The goal of this exercise is to perform sentiment analysis with a recurrent neural network. 

**Note**: This is an advanced exercise which brings together multiple concepts we have learned across all of the course. You might find it easier to attempt this after working out Bonus Exercise 1 above.

**Data**: We will use _movie review_ data from _Rotten Tomatoes_. Please see the demo of week 6 for details on the data. Download the data from [here](https://www.kaggle.com/c/sentiment-analysis-on-movie-reviews/data?select=train.tsv.zip). Also download the test set from the same page.
Note that you will need an active Kaggle account to access the data.

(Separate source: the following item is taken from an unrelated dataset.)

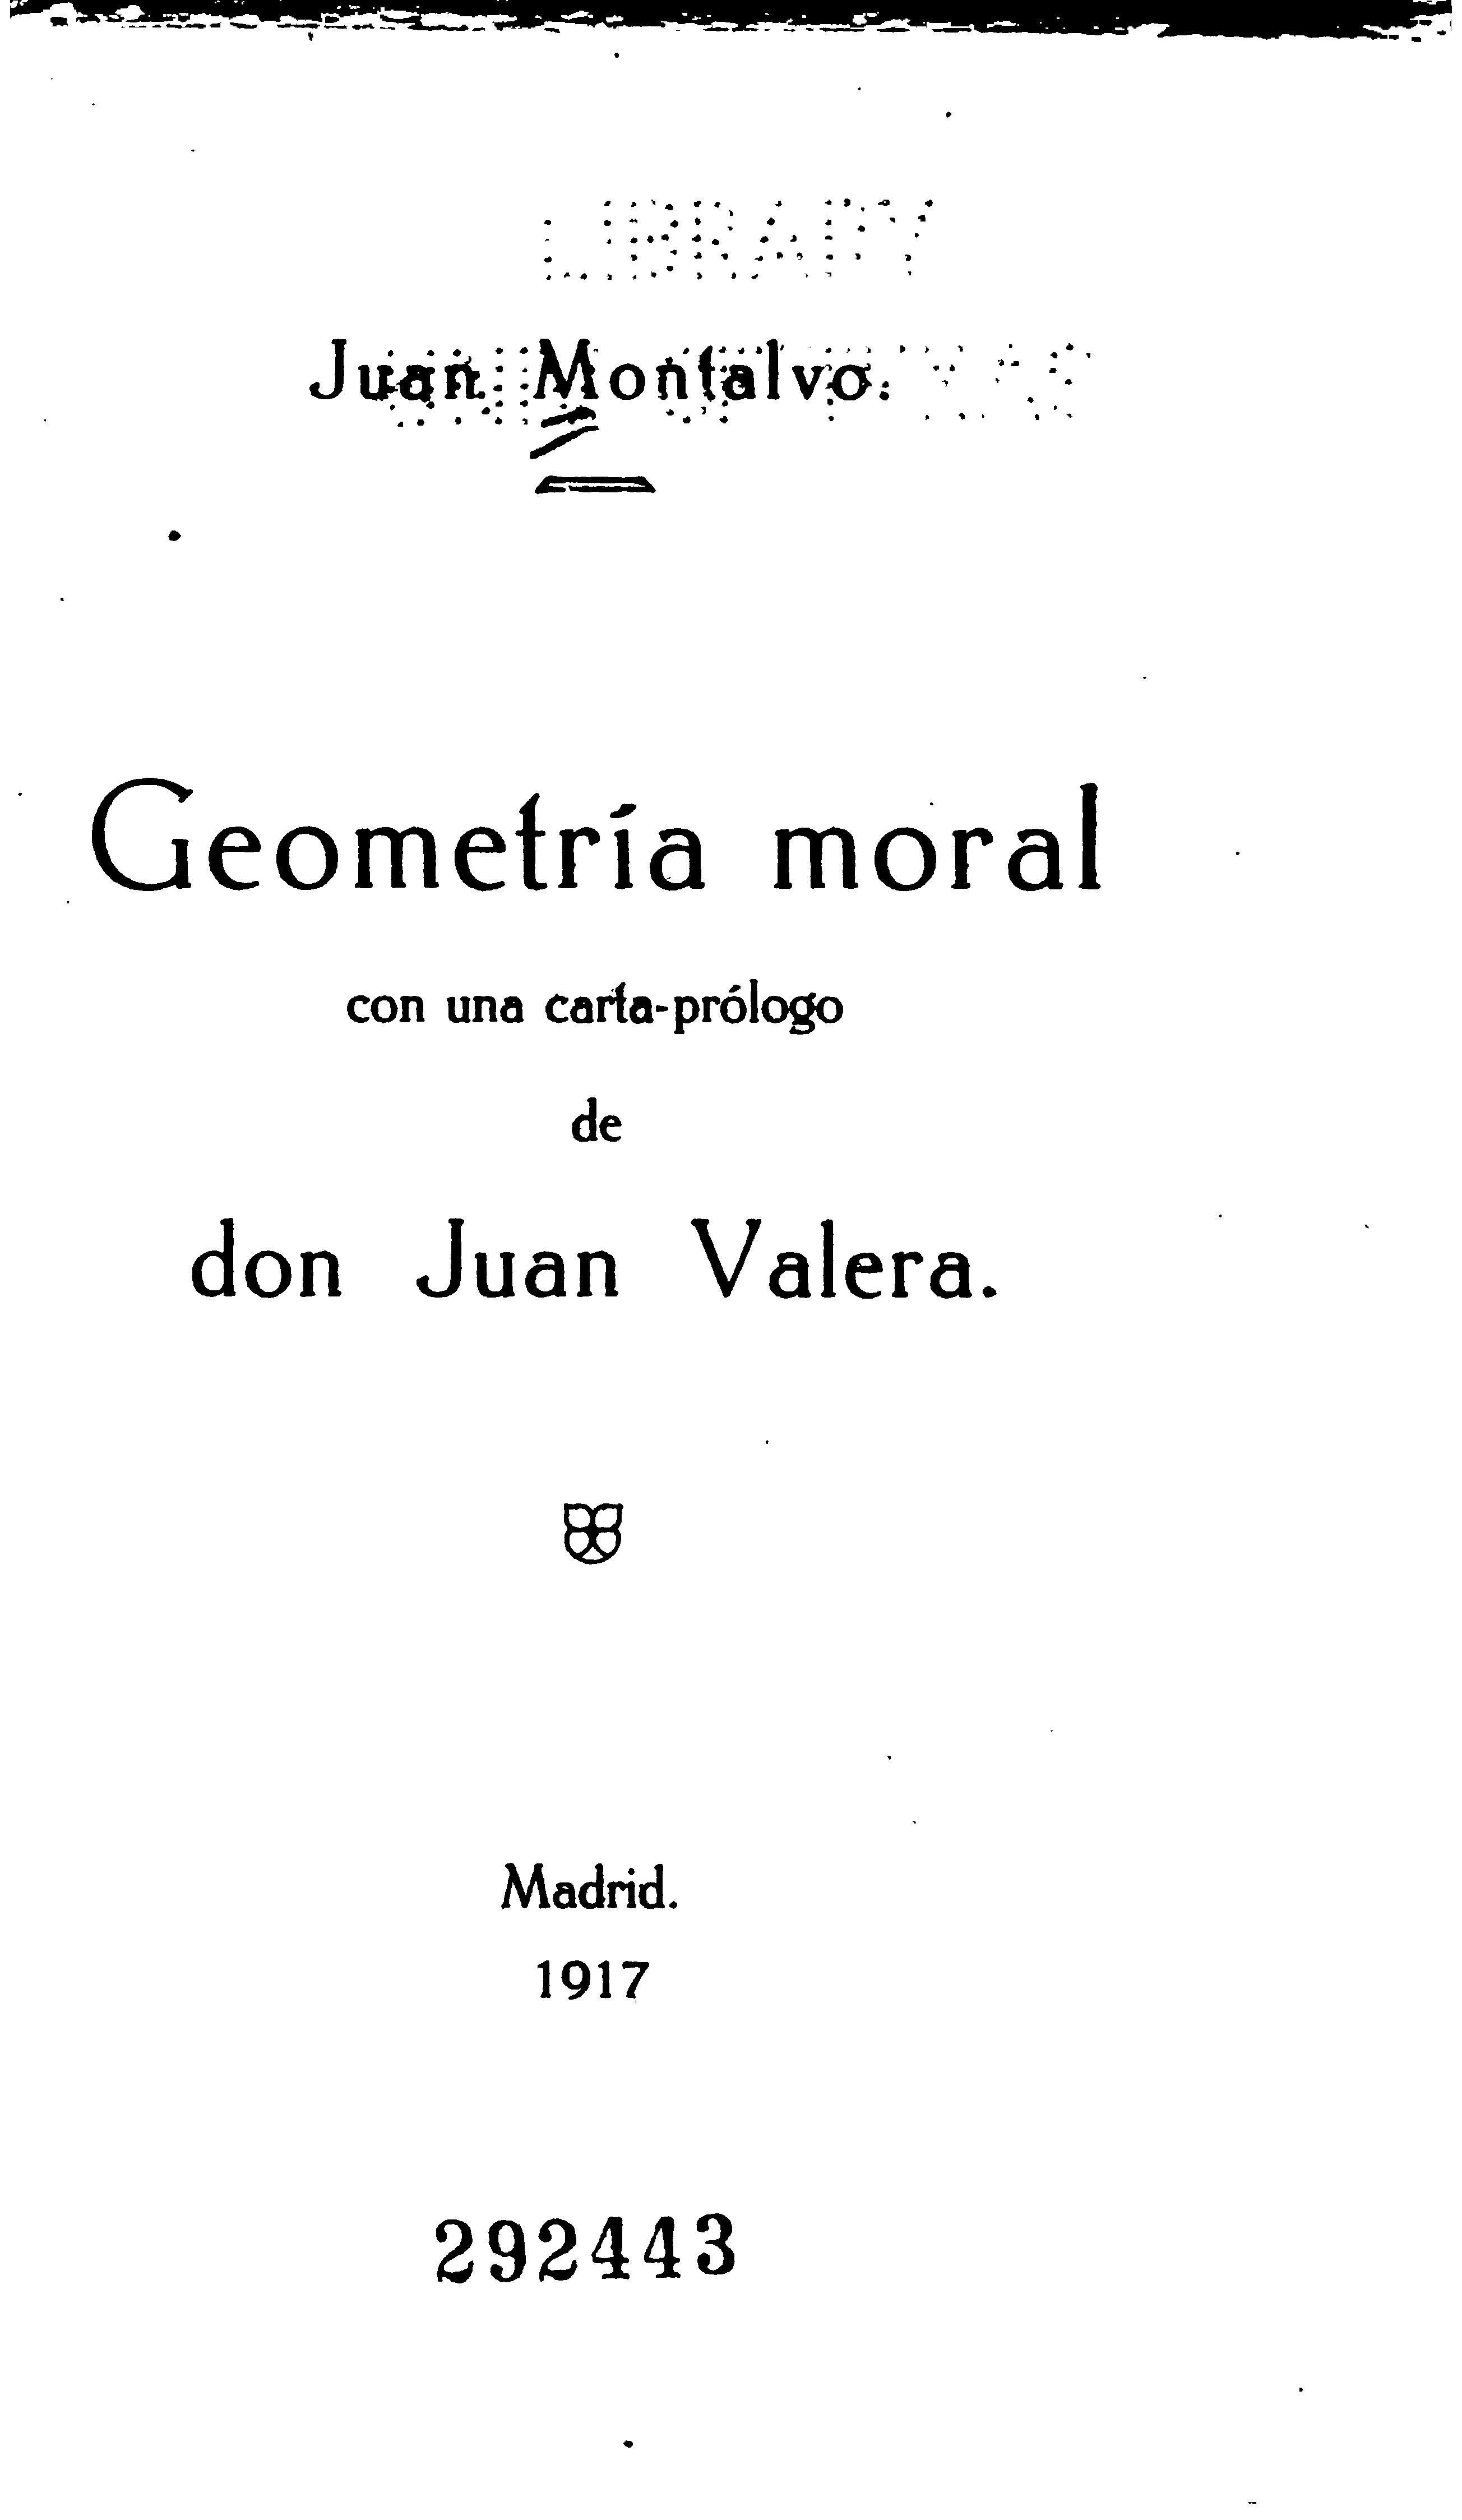 Archivo:Geometria moral.djvu - Wikisource

We will use . The sentiment labels are:
- 0 - negative
- 1 - somewhat negative
- 2 - neutral
- 3 - somewhat positive
- 4 - positive

**Model**: Use a word-level recurrent neural network built on the GloVe embeddings. See the lab from week 6 for details on how to obtain the GloVe embeddings for words. 
- The input `inp` to the forward method is the GloVe embedding of the input word. 
- The output dimension is 5, corresponding to the sentiment labels. 
- Use a hidden state of dimension 128. 
- Similar to the `RNNForClassification` above, compute the `cross_entropy` loss once for the entire sequence of words. 

**Optimization**: Find the divergent learning rate. Use 1/4th of the divergent learning to optimize the model with SGD. Plot the train and test loss and accuracy over the course of training.